The only non-failing drive was sdf as it was running in standby mode in this
md raid 5 ensemble:
20080323-011337-sdc.log:195 Hardware_ECC_Recovered 0x001a 100 100 000 Old_age Always - 162956700
20080323-011337-sdc.log:196 Reallocated_Event_Count 0x0032 253 253 000 Old_age Always - 0
20080323-011337-sdc.log:197 Current_Pending_Sector 0x0012 253 253 000 Old_age Always - 0
20080323-011337-sdc.log:198 Offline_Uncorrectable 0x0030 253 253 000 Old_age Offline - 0
20080323-011337-sdc.log:199 UDMA_CRC_Error_Count 0x003e 200 200 000 Old_age Always - 0
20080323-011338-sdd.log:195 Hardware_ECC_Recovered 0x001a 100 100 000 Old_age Always - 162520674
20080323-011338-sdd.log:196 Reallocated_Event_Count 0x0032 253 253 000 Old_age Always - 0
20080323-011338-sdd.log:197 Current_Pending_Sector 0x0012 253 253 000 Old_age Always - 0
20080323-011338-sdd.log:198 Offline_Uncorrectable 0x0030 253 253 000 Old_age Offline - 0
20080323-011338-sdd.log:199 UDMA_CRC_Error_Count 0x003e 200 200 000 Old_age Always - 0
20080323-011338-sde.log:195 Hardware_ECC_Recovered 0x001a 100 100 000 Old_age Always - 148429049
20080323-011338-sde.log:196 Reallocated_Event_Count 0x0032 253 253 000 Old_age Always - 0
20080323-011338-sde.log:197 Current_Pending_Sector 0x0012 253 253 000 Old_age Always - 0
20080323-011338-sde.log:198 Offline_Uncorrectable 0x0030 253 253 000 Old_age Offline - 0
20080323-011338-sde.log:199 UDMA_CRC_Error_Count 0x003e 200 200 000 Old_age Always - 0
20080323-011339-sdf.log:195 Hardware_ECC_Recovered 0x001a 100 100 000 Old_age Always - 1559
20080323-011339-sdf.log:196 Reallocated_Event_Count 0x0032 253 253 000 Old_age Always - 0
20080323-011339-sdf.log:197 Current_Pending_Sector 0x0012 253 253 000 Old_age Always - 0
20080323-011339-sdf.log:198 Offline_Uncorrectable 0x0030 253 253 000 Old_age Offline - 0
20080323-011339-sdf.log:199 UDMA_CRC_Error_Count 0x003e 200 200 000 Old_age Always - 0
> Hmmm... If the drive is failing FLUSHs, I would expect to see elevated
> reallocation counters and maybe some pending counts. Aieee.. weird.

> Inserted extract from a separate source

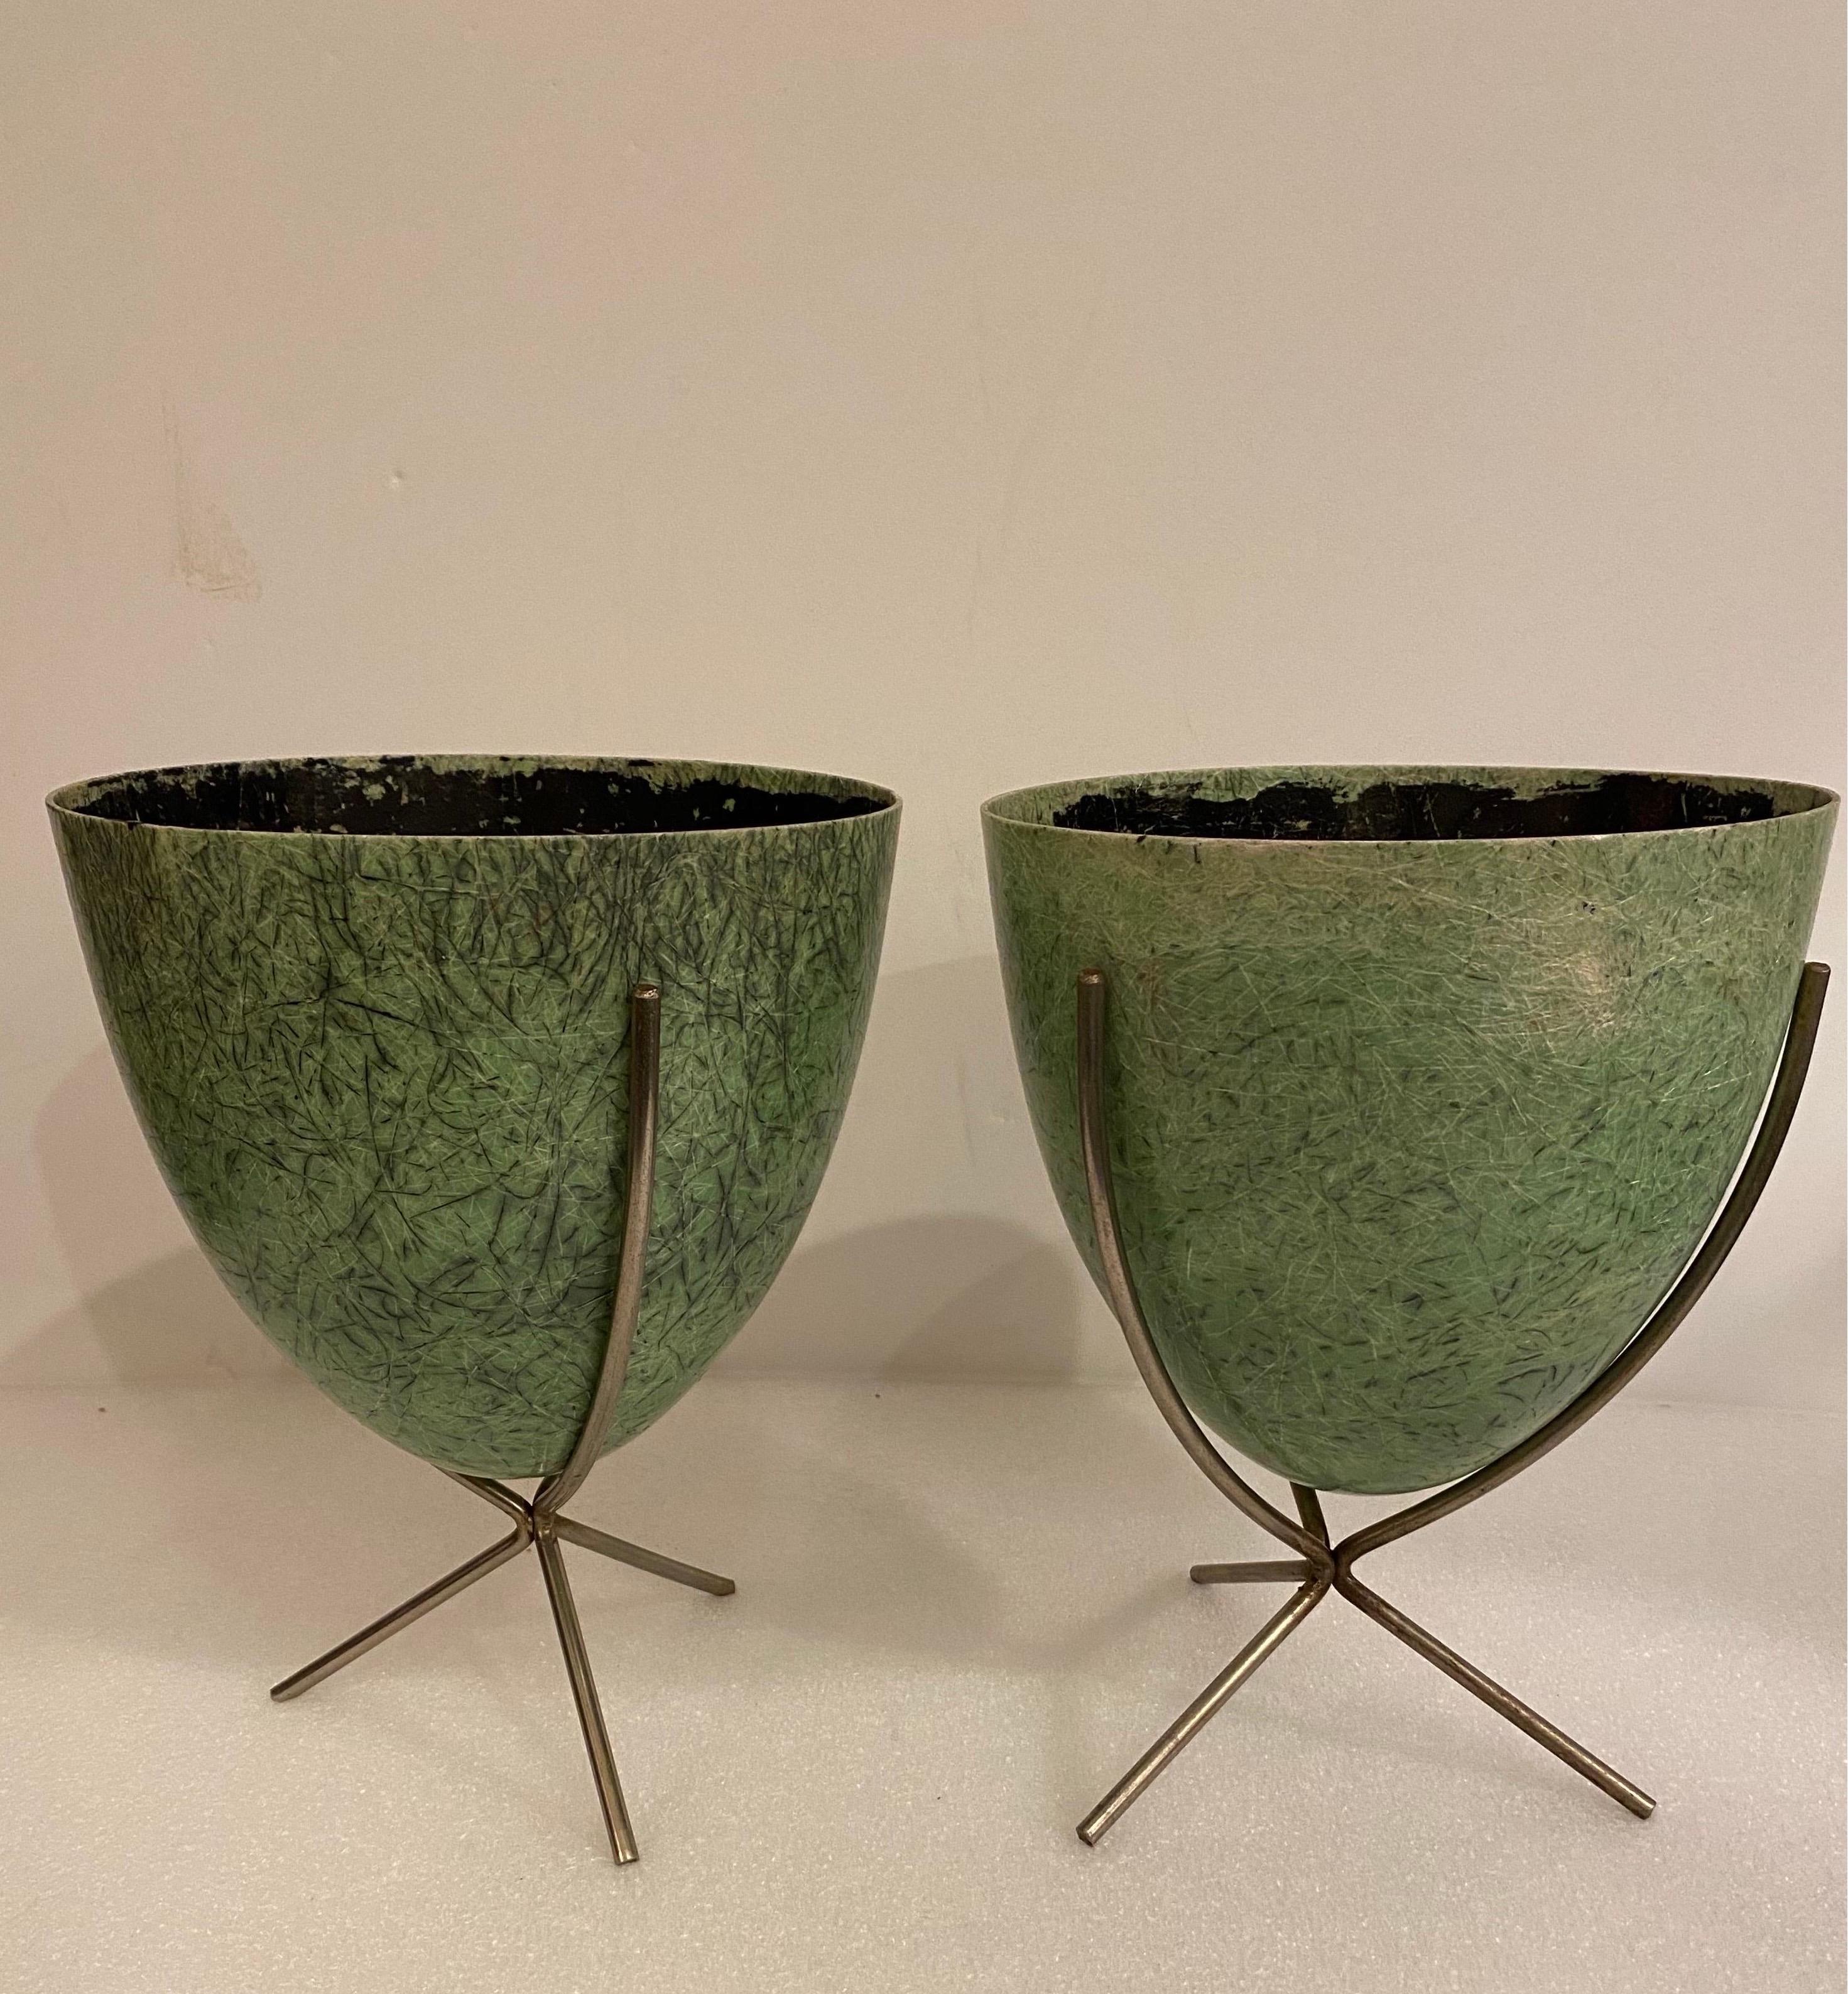 Mid-20th Century Fiberglass Bullet Planters, Kimball Manufacturing Co. For Sale

But there are no reallocations nor any pending sectors on any of them.
> >>>> It's been 4 samsung drives at all hanging on a sata sil 3124:
> >>
> >> FLUSH_EXT timing out usually indicates that the drive is having
> >> problem writing out what it has in its cache to the media. There was
> >> one case where FLUSH_EXT timeout was caused by the driver failing to
> >> switch controller back from NCQ mode before issuing FLUSH_EXT but that
> >> was on sata_nv. There hasn't been any similar problem on sata_sil24.
> >
> > Hmm, I didn't noticed any data distortions, and if there where, they
> > live on as copies in their new home..
>
> It should have appeared as read errors. Maybe the drive successfully
^^^^
write (I guess)
> wrote those sectors after 30+ secs timeout.
That would point to some driver issue, wouldn't it? Roger Heflin also
experienced similar behavior with that controller, which wasn't
reproducible with another.
I can offer to you rebuilding that md in a test environment, and giving
you access to it, if you're interested.